The rough description of spatial and temporal population dynamics prohibits that the model predicts escalating probabilities after years of latency, even when weather conditions are favourable. In the sensibility analysis, even the strongest increase of predicted probabilities under optimum conditions (year 2001 to 2003, Fig. 6 upper) takes 2 years. This is consistent with the observation of Myers (1988) that the population dynamics of cyclic species are not characterized by sudden increments but show a gradual increase over several years. However, the description of temporal structured effects for each ecoregion requires sufficient data to calculate the smooth time-trends *f*_{ecoregion i}(*j*)*.* The large confidence intervals of the temporal structured effect for the “Northwest German Lowlands” (Fig. 4 left) indicate that the predictions are highly uncertain, which might result in implausible predictions, especially under extreme weather conditions. In this context, the high predicted probabilities, which lie above the cutpoint under optimal weather conditions for “Northwest German Lowlands” for nine successive years (Fig. 6) in the sensitivity analysis, seem implausible. Abundance generally decreases after a few outbreak years as a result of increasing intraspecific competition (Hunter 1998), parasites and other antagonists (Schwenke 1978; Roland 1994). There were no such data available during the modelling process. Hence, more data, especially for this ecoregion, are likely to improve the model performance.

### Selected variables

During variable selection, the effect of pest control and two weather variables were chosen as predictors. The binary predictor *pesticide* is very important since pest control reduces the probability for threshold exceedances in the following autumn significantly. One selected weather parameter is the mean daily minimum temperature during adult stage *tmin_imago,* with a positive model effect: higher temperatures during this period lead to higher probabilities of threshold exceedance (Fig. 5 right). This effect can be explained, since the imagines become less active with lower temperatures and immobile at frost, even though they can survive temperatures down to − 20 °C (Schwenke 1978, p. 226). According to Schwenke (1978, p. 226 and 228), the optimum temperature for moth activity lies around 5 °C to 10 °C. Hence, fewer moths crawl up and get caught by the glue bands when temperatures are low during emergence period. Topp and Kirsten (1991) assume that the coincidence between moth emergence and the optimum temperature of around 10 °C is a precondition for mass outbreaks. As the imagines are most active from the evening until approximately midnight (Schwenke 1978, p. 226), this time frame is better represented by the daily minimum temperature *tmin_imago* than the daily mean temperature. A covariate that describes the temperature between, for example, 6 p.m. and midnight during adult stage, might even have a stronger effect. However, such hourly temperature values were not at our disposal.

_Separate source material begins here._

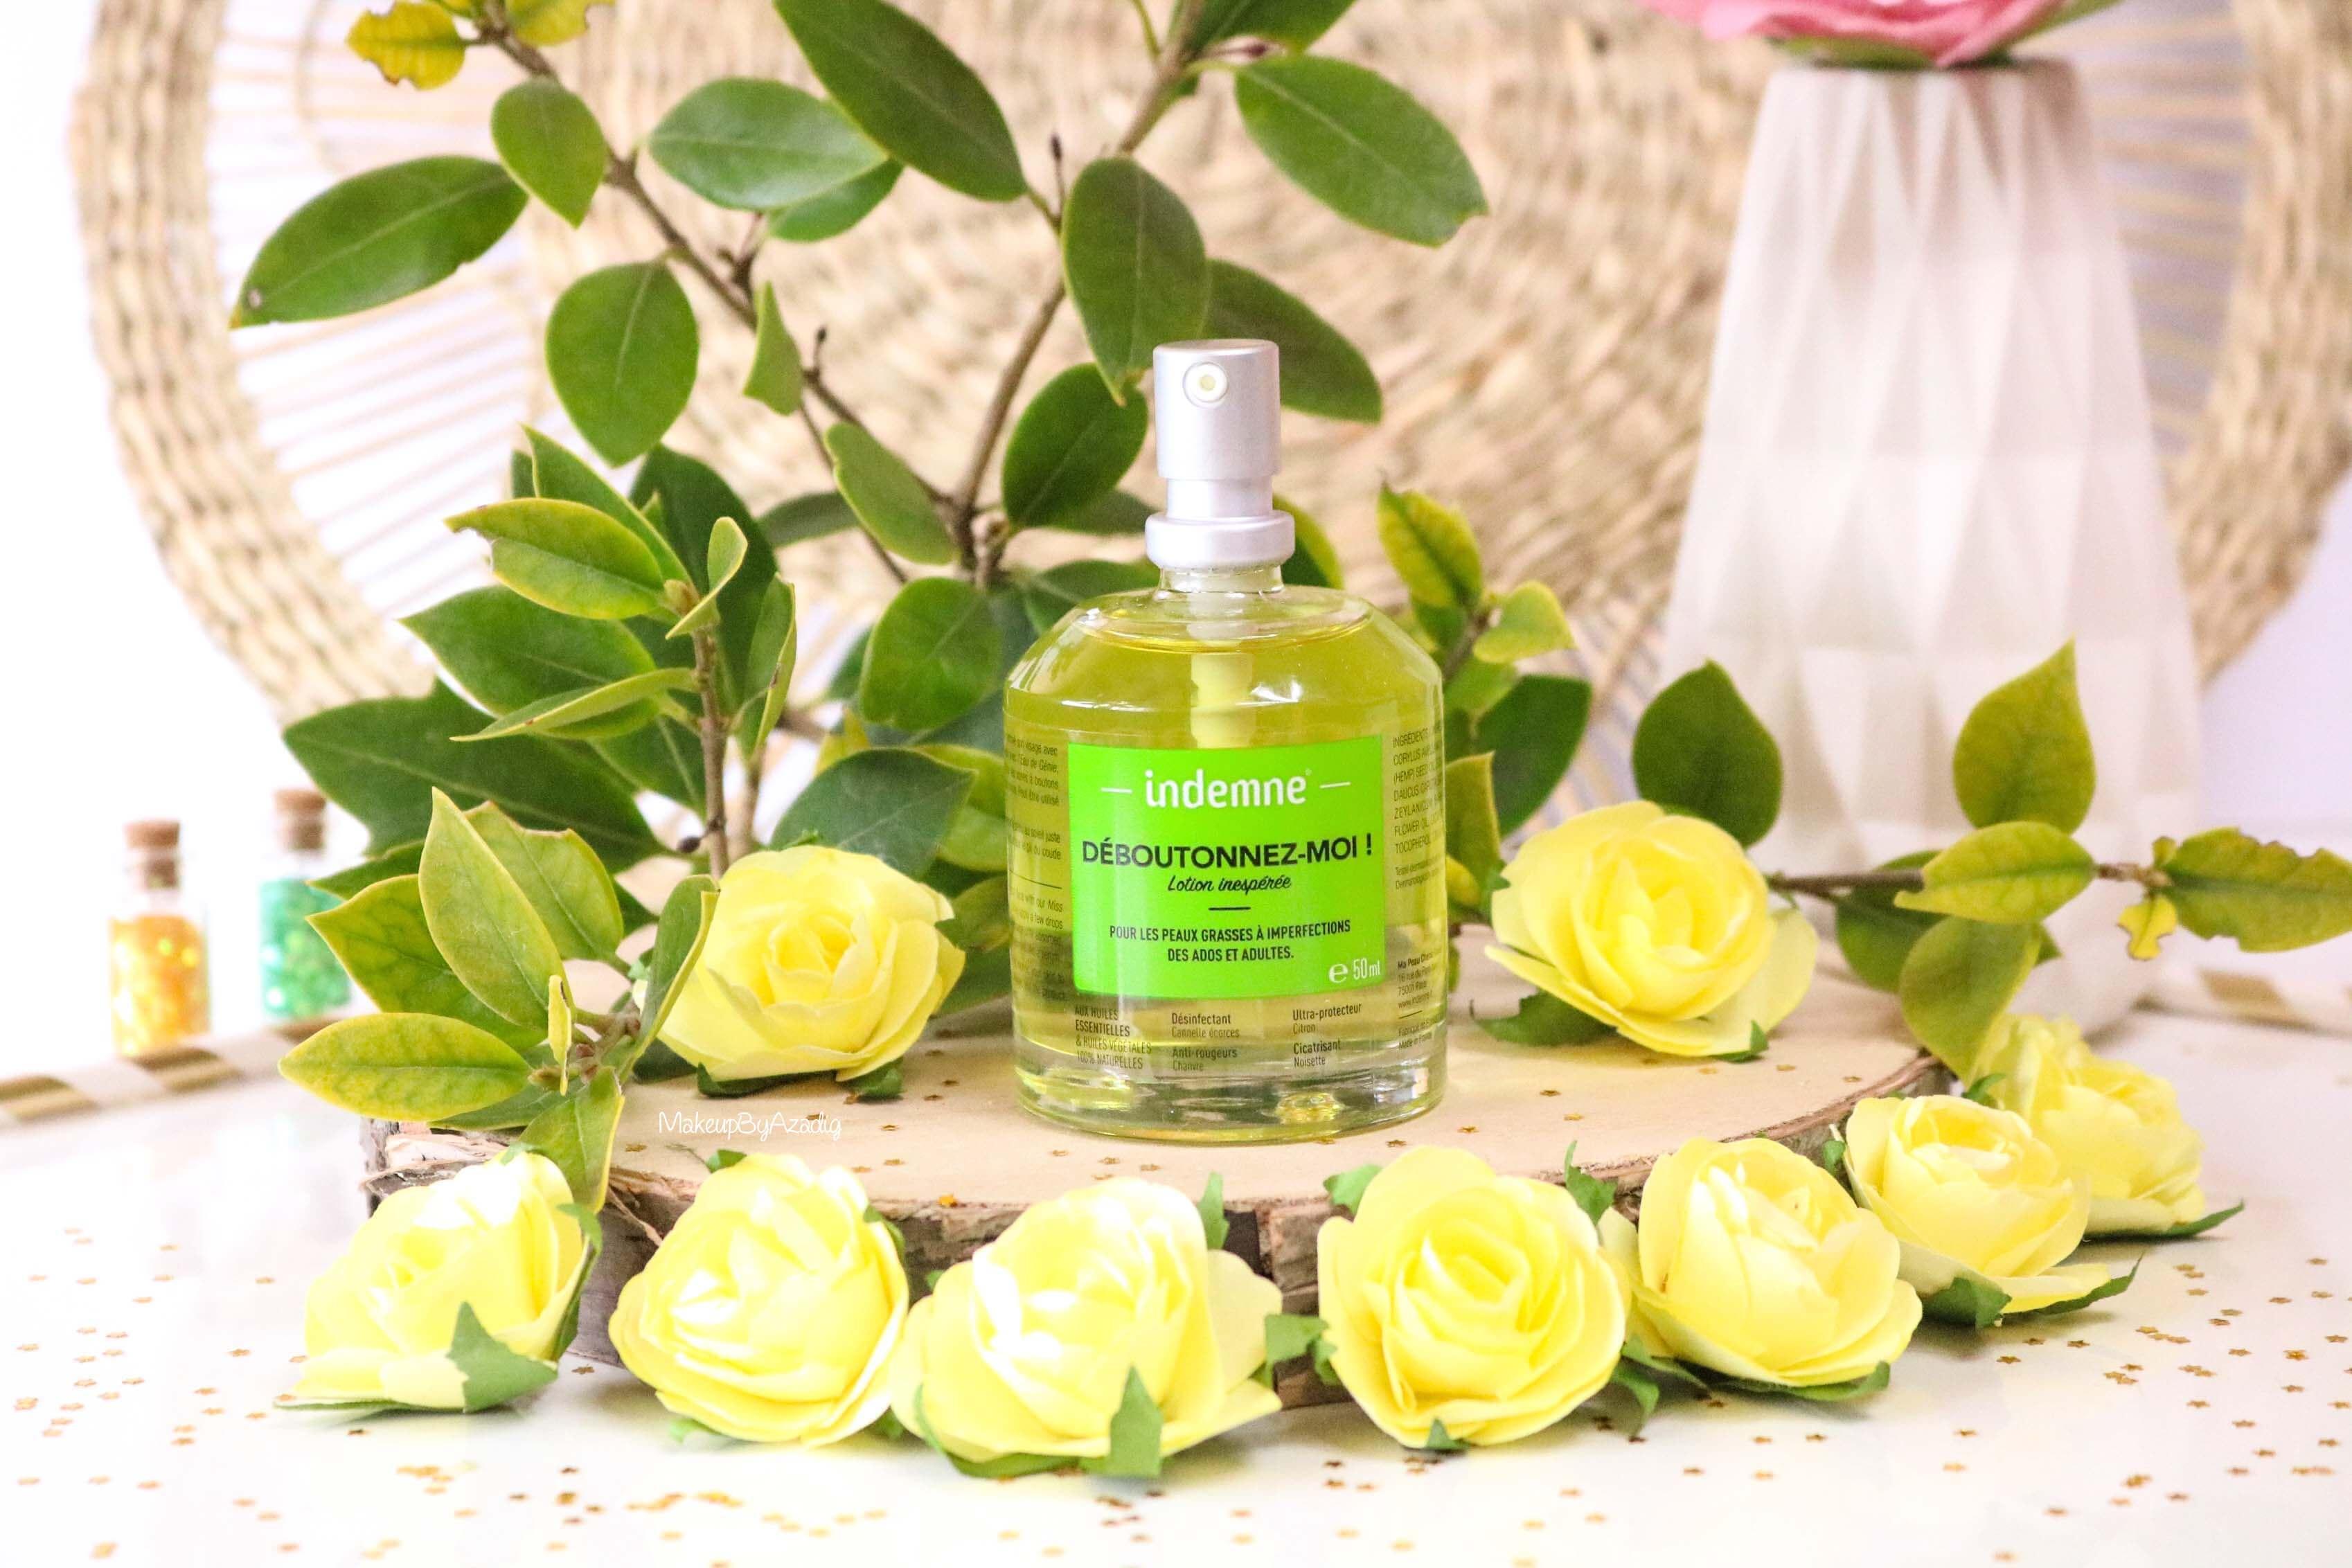 revue-deboutonnez-moi-indemne-produit-acnee-bio-huiles-parapharmacie-prix-avis-makeupbyazadig-lotion

A parameter describing the precipitation in the early pupal stage, *prec_pupa*, was selected. This covariate’s effect indicates that higher moisture in this period has a positive influence on the moths’ development (Fig. 5 left). According to Schwenke (1978, p. 228), the main reasons for pupal mortality are dehydration, flooding and predators. As flooding can be largely excluded at the monitoring stands, the mortality by dehydration offers a plausible explanation for the described covariate’s effect. Influence by predatory enemies and epizootic disease could not be investigated in this study, but they can reduce the population of MUWM considerably, especially in pupal stage (Dempster 1983; Berryman 1996; Hunter 1998).

Additionally to the fixed effects, random effects are predicted on stand-level to account for the clustered data structure and the non-systematic data sampling. They contribute considerably to the model performance, which becomes clear when the predictions are calculated without random effects (Table 3). In this case, the AUC is significantly lower, even though it still indicates an excellent discrimination. When predicting without random effects, the model’s AUC increases with every further implemented predictor because higher proportions of the variance are explained through fixed model effects. Accordingly, the variance of random effects decreases (standard deviation of the *b*_{i} is decreasing from 1.0 in model 4.4 to 0.85 in model 4.7). The effect of the added predictor specifies a part of the variance that was previously covered by the random effects.

Stand and soil parameters were not identified as covariates, which might be due to the available data quality and quantity. Some monitoring stands lacked forest inventory and soil data. Moreover, the stand inventory data are assessed at 10 year intervals, thus changes between years are not covered as in the yearly glue band data. Additionally, the inventory methods vary between the considered federal states so the data comparability is problematic. Possible effects of stand and site might also be superimposed by the high impact of the dynamic weather conditions.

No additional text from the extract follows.